◆ **WHAT IS BEING ASKED**
Every line below should be copied exactly; drop the pictures.

◆ **GIVEN DATA**

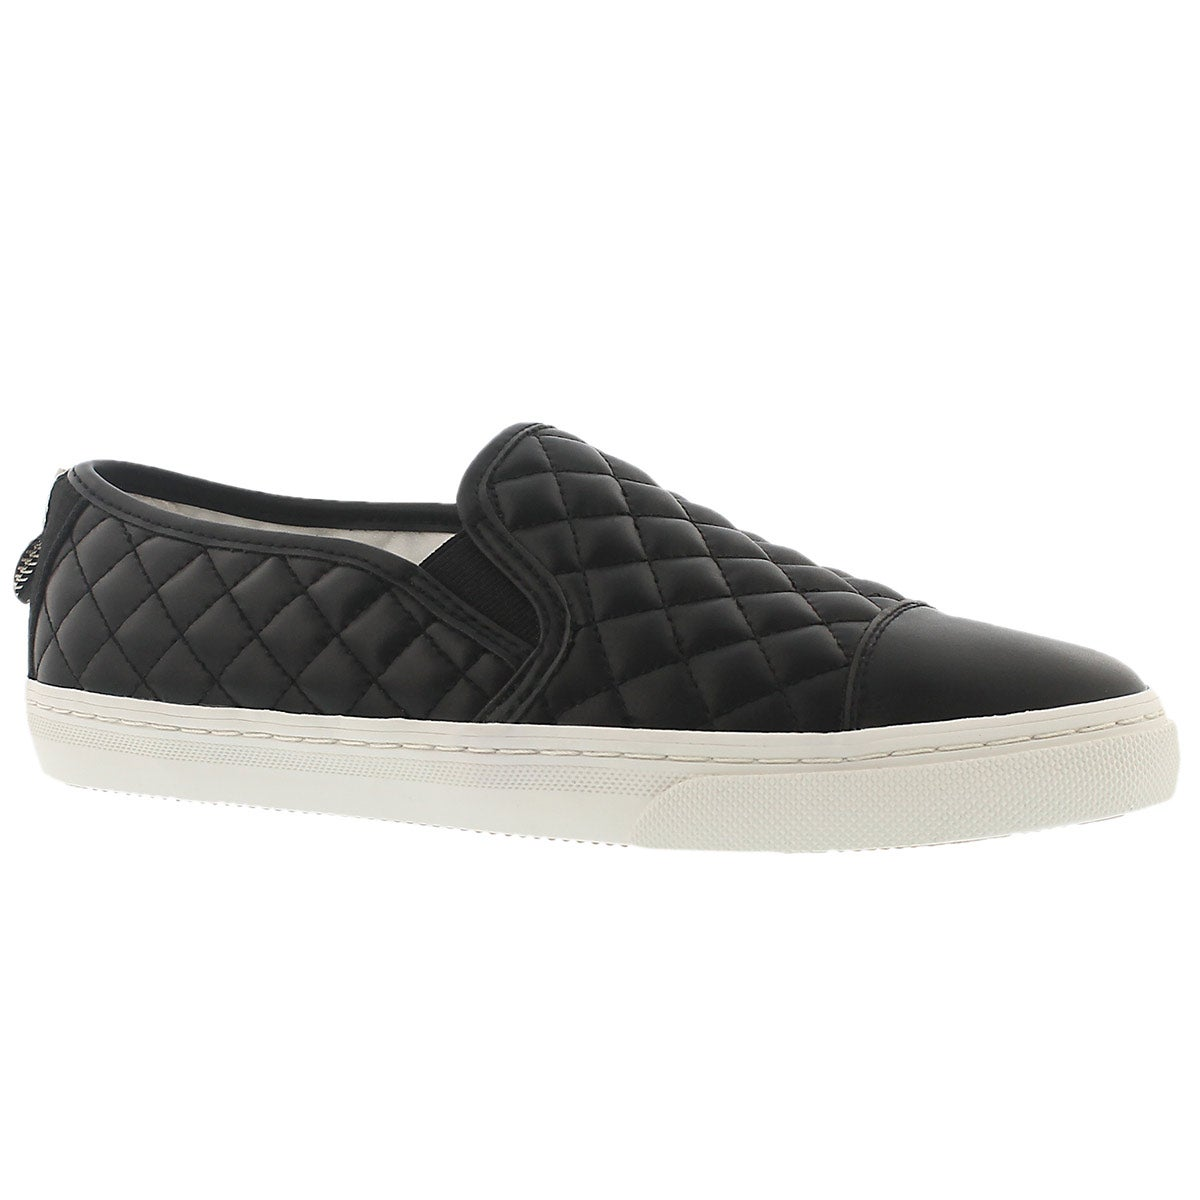 Women's NEW CLUB C black slip-on sneakers
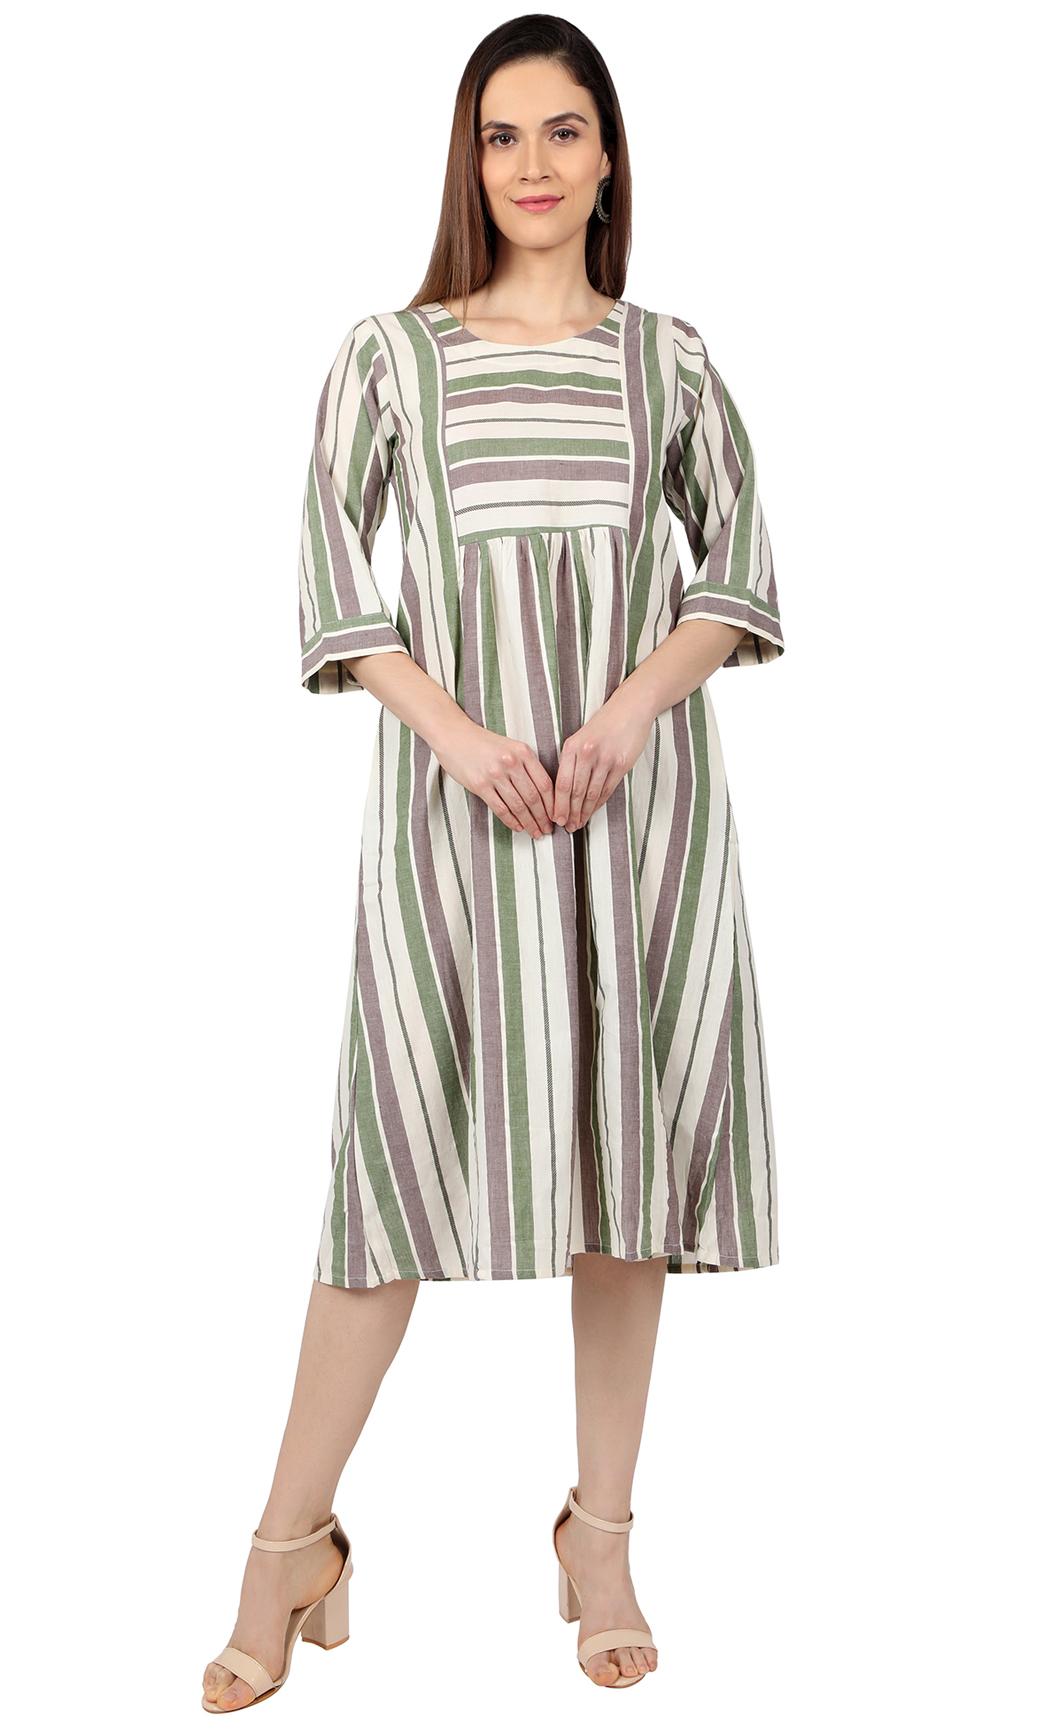 Beige and Olive Dress. Buy Online
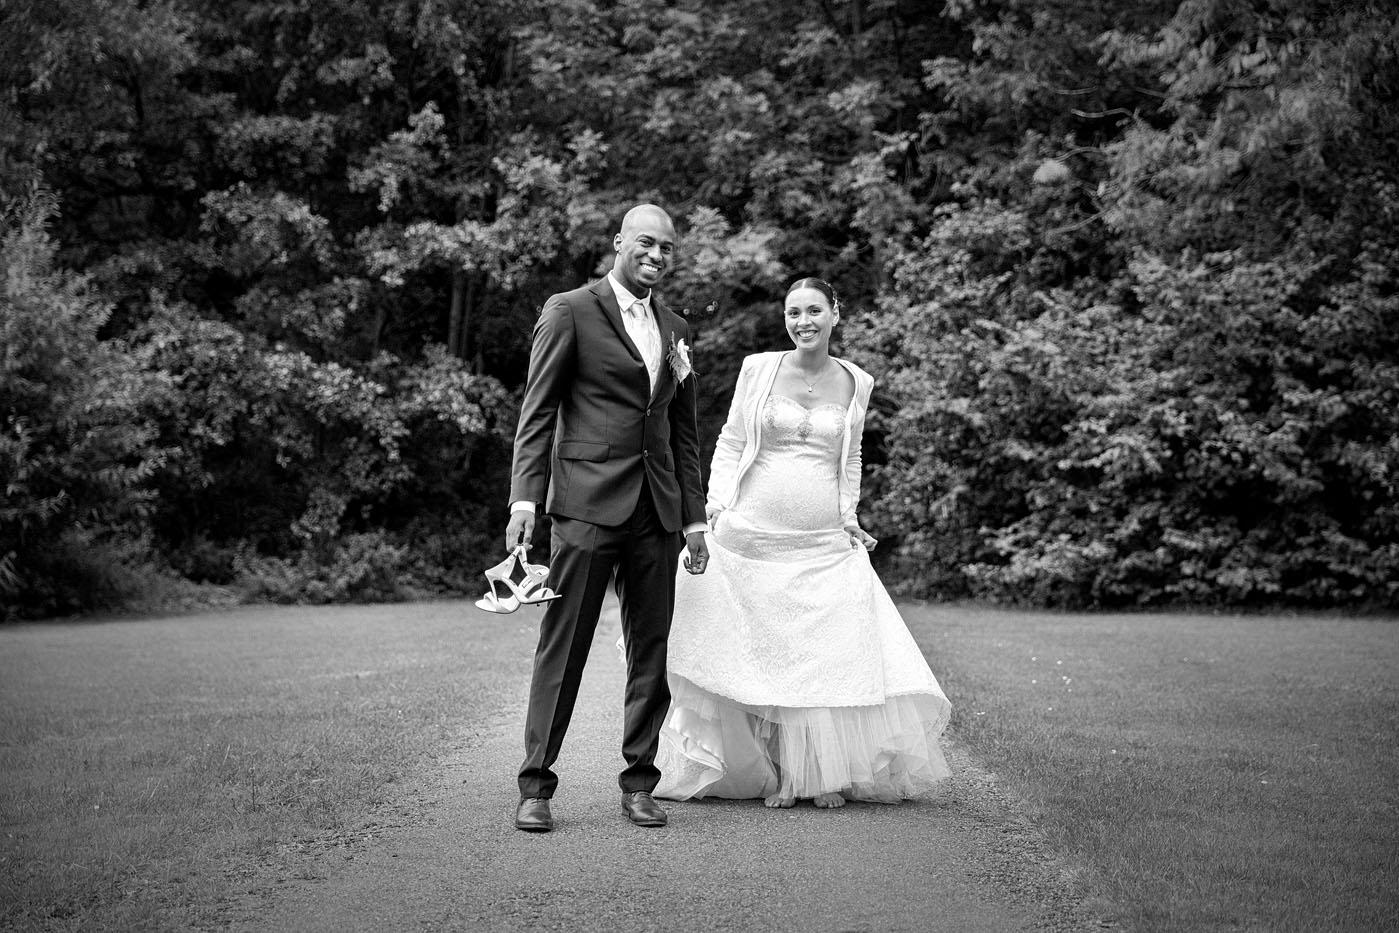 bruiloft-wedding-trouwen-rotterdam-fotograaf-bobhersbach-blotevoeten

◆ **SOLUTION TO THE PROBLEM**
 Women's NEW CLUB C black slip-on sneakers
 Beige and Olive Dress. Buy Online
 bruiloft-wedding-trouwen-rotterdam-fotograaf-bobhersbach-blotevoeten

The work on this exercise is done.